I missed this on release, and have only now caught up with it, though I was somewhat familiar with the story and some of its trademarks, thanks to cartoon parodies.
In 1988, I suspect the telling of a story about a man with a significant disability was still thought to be a little risky (though it was not without precedent). Now, in 2021, it's riskier still, with so much potential for its portrayal of autism to fail to respond to the pressures of our media and our increasingly fractured views on diversity. Even the casting of an actor without the disability (at least, as far as I know) would raise an eyebrow.

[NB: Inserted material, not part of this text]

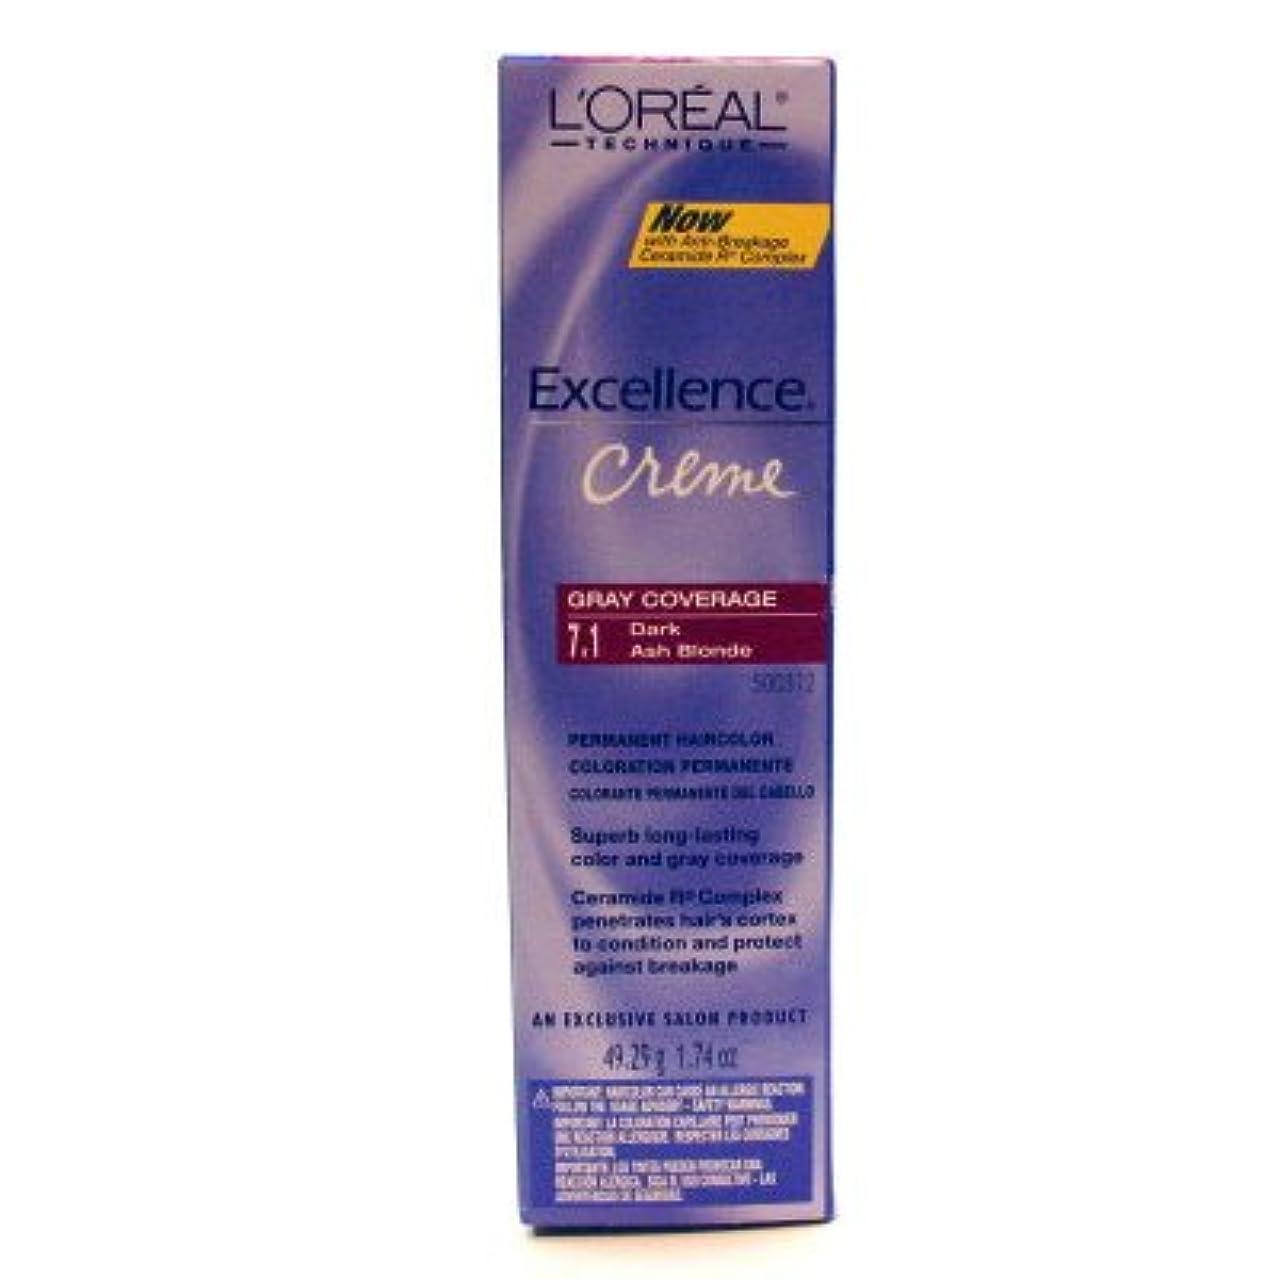 トレーニング媒染剤細菌L'Oreal Paris ロレアル?エクセレンスクリームパーマネントヘアカラー、ダークアッシュブロンドの#7.1、1.74オズ

I can't speak about the accuracy of Dustin Hoffman's performance as Raymond, a man with autism, but it struck me as consistent and was totally watchable. Equally entertaining was Tom Cruise as Charlie, his younger brother, a dodgy dealer in car sales, who seemed just as absorbed in his own world, and upset by Raymond crashing into it, as Raymond is trapped in his and frightened by his unexpected withdrawal from the safe haven of the residential facility that had been home for many years.

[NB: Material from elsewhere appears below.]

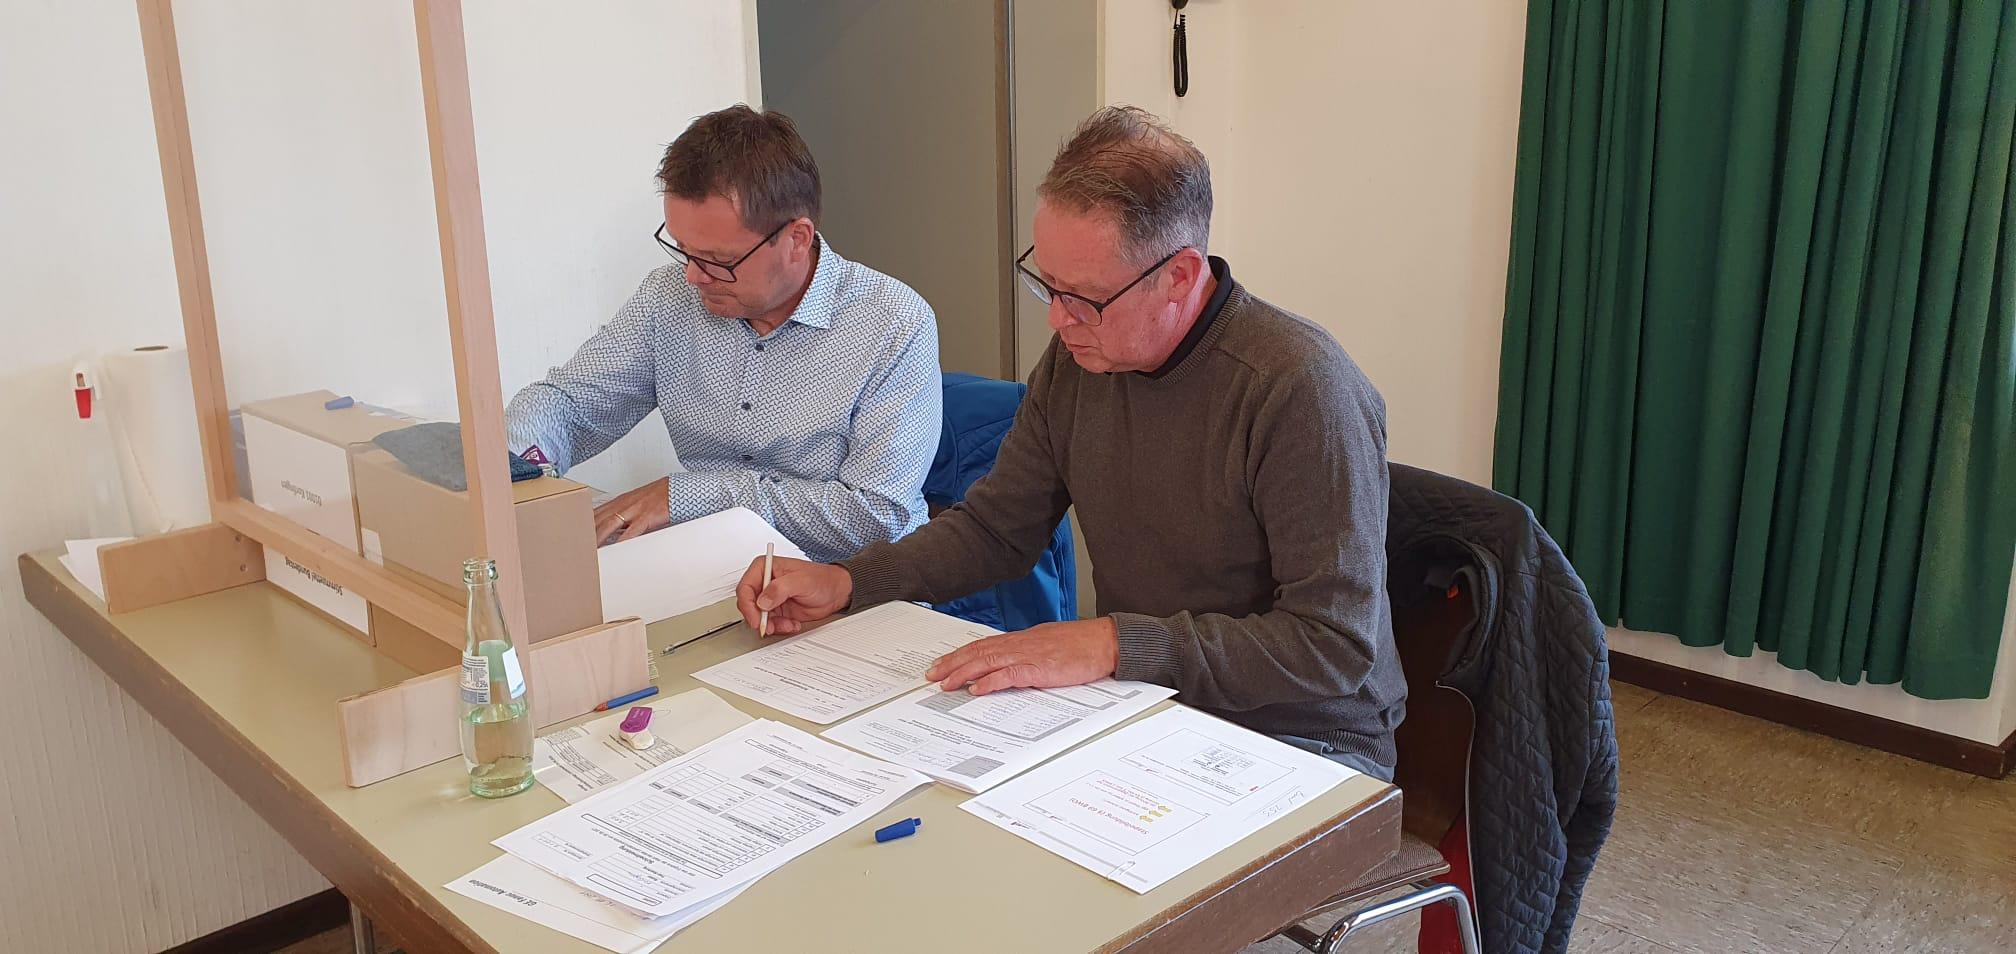 Unsere Schriftführer, Thomas Menden und Thomas Stelker

I didn't expect it to turn into a road movie, but that enabled the pair time to get to know each other over a quite leisurely period and in neutral locations. Like so many other odd couple tales, the ending was not entirely unpredictable, but it was somewhat abrupt, and distinctly unsentimental. If the screenplay ever led anyone to suspect that there would be some kind of full scale emotional reconciliation, they would be confounded. Neither Hoffman nor Cruise let up for a moment to play to the camera, or turn on the melodrama.
Is it right to make entertainment from watching 'screen autism'? It was difficult to put this question aside while I was watching, but because the direction of travel is so wholly towards embracing Raymond for what he is, without pity or mawkishness it seemed to me a valid film. There were moments of tension and alarm (the burning toaster, the card game) and uncertainty (the girlfriend kissing Raymond in the lift - what was that about?) but the pauses to admire the American landscape - both the glories of nature and the tacky 'burbs and roadside stops - felt like a reassuring paternal pat on the head. In other words, this film was not going to introduce any jarring or untoward elements.

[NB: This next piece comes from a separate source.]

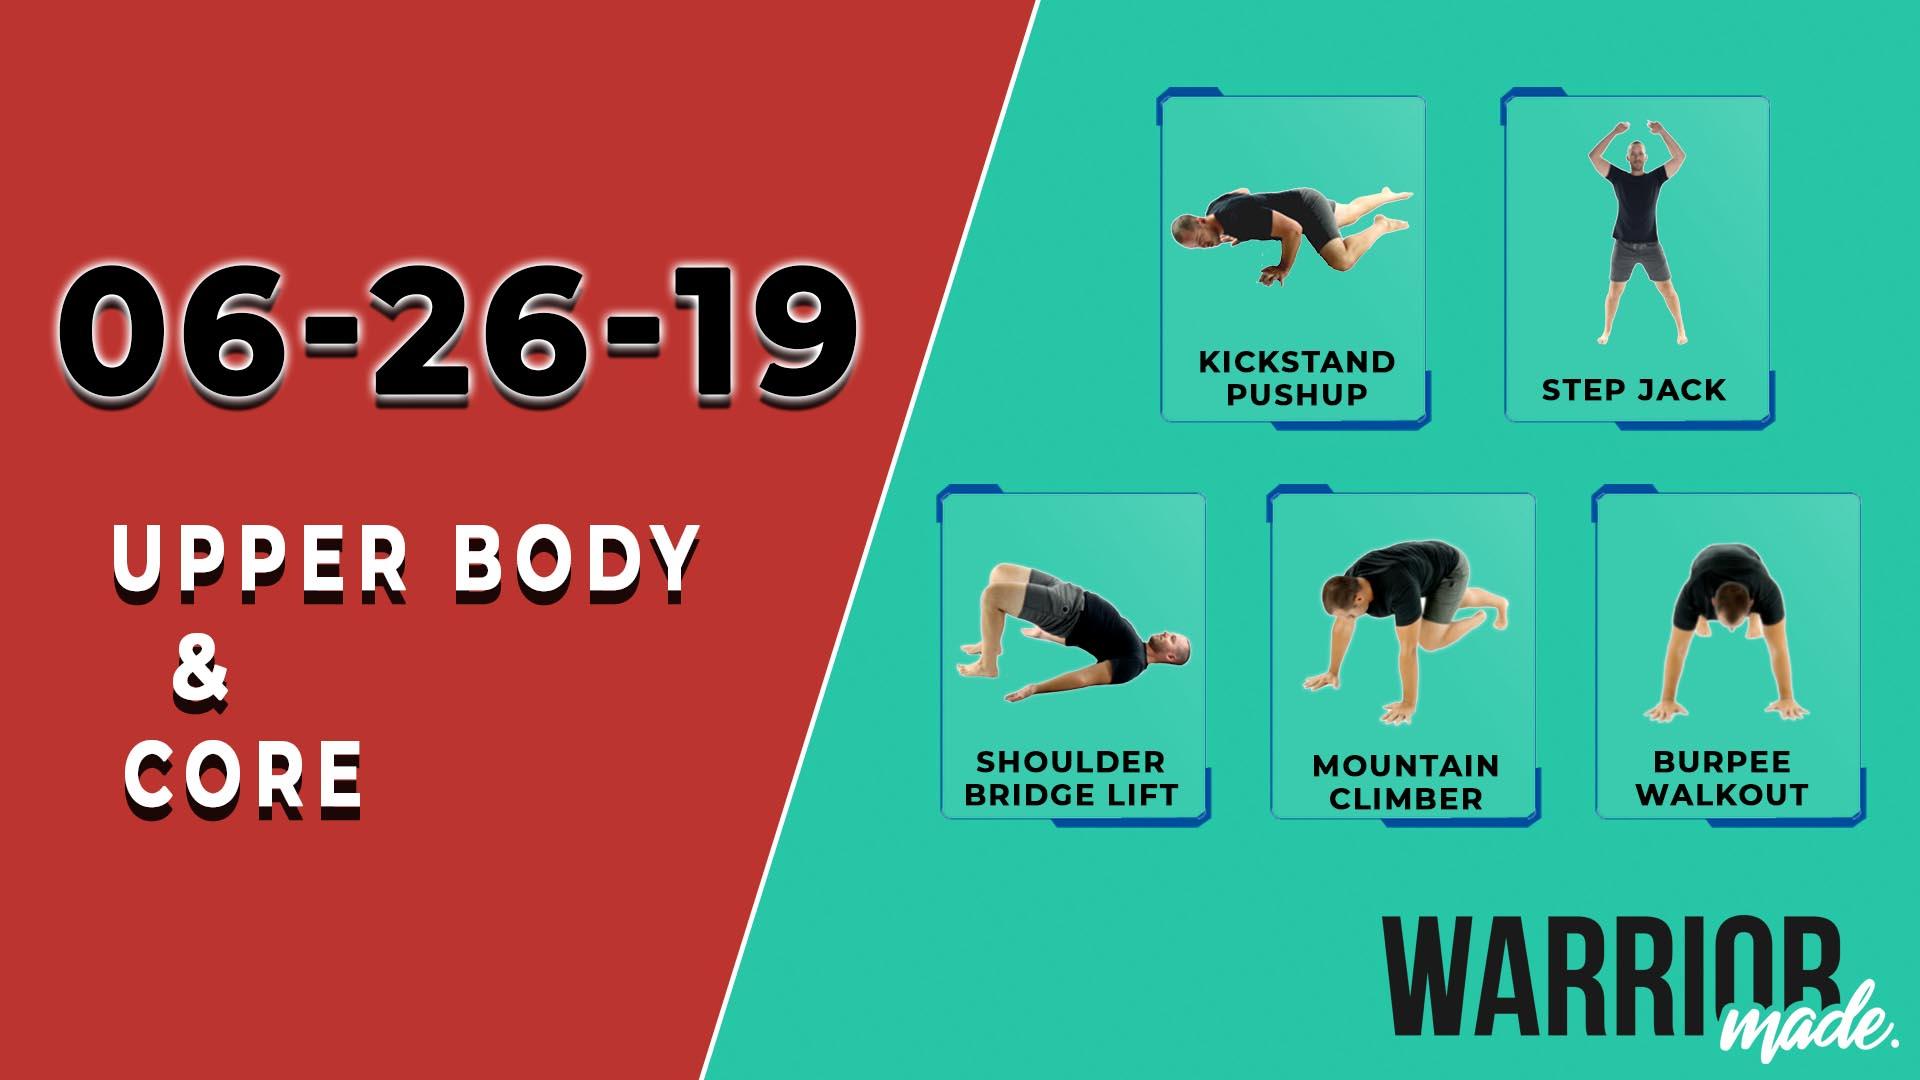 workouts-06-26-19

It won Oscars for Best Picture, Director, Actor and Screenplay, but it has since acquired only a modest score (65) on Metacritic, the aggregate dragged down by some fierce criticism from such as Pauline Kael. Kael has a point, I think, when she says that the plot is 'rigged' at the point where they make a killing at cards, in contrast to the rest of the film's quiet and understated tenor. I am less inclined to agree with her rejection of the claim - echoed in Schneider - that this is more about the conversion of Charlie into a more humane being. Hoffman's role may be the more eye-catching, but as Kael herself recognised, it was a monochrome performance, enabling Cruise to take centre stage.
1001 Movies Review
Actually, the book offers little comment, mostly facts about the film's production and plot. "Most impressive here is Cruise, who [...] expertly depicts a shallow man who finally finds some depth in his life..." it says. Apparently, that's the main reason for watching. Are there are other less relevant movies about shallow men? Nothing springs to mind, but I'm sure I'll come across one soon enough. I agree that Tom is impressive, but Dustin is equally so, and deserved his recognition.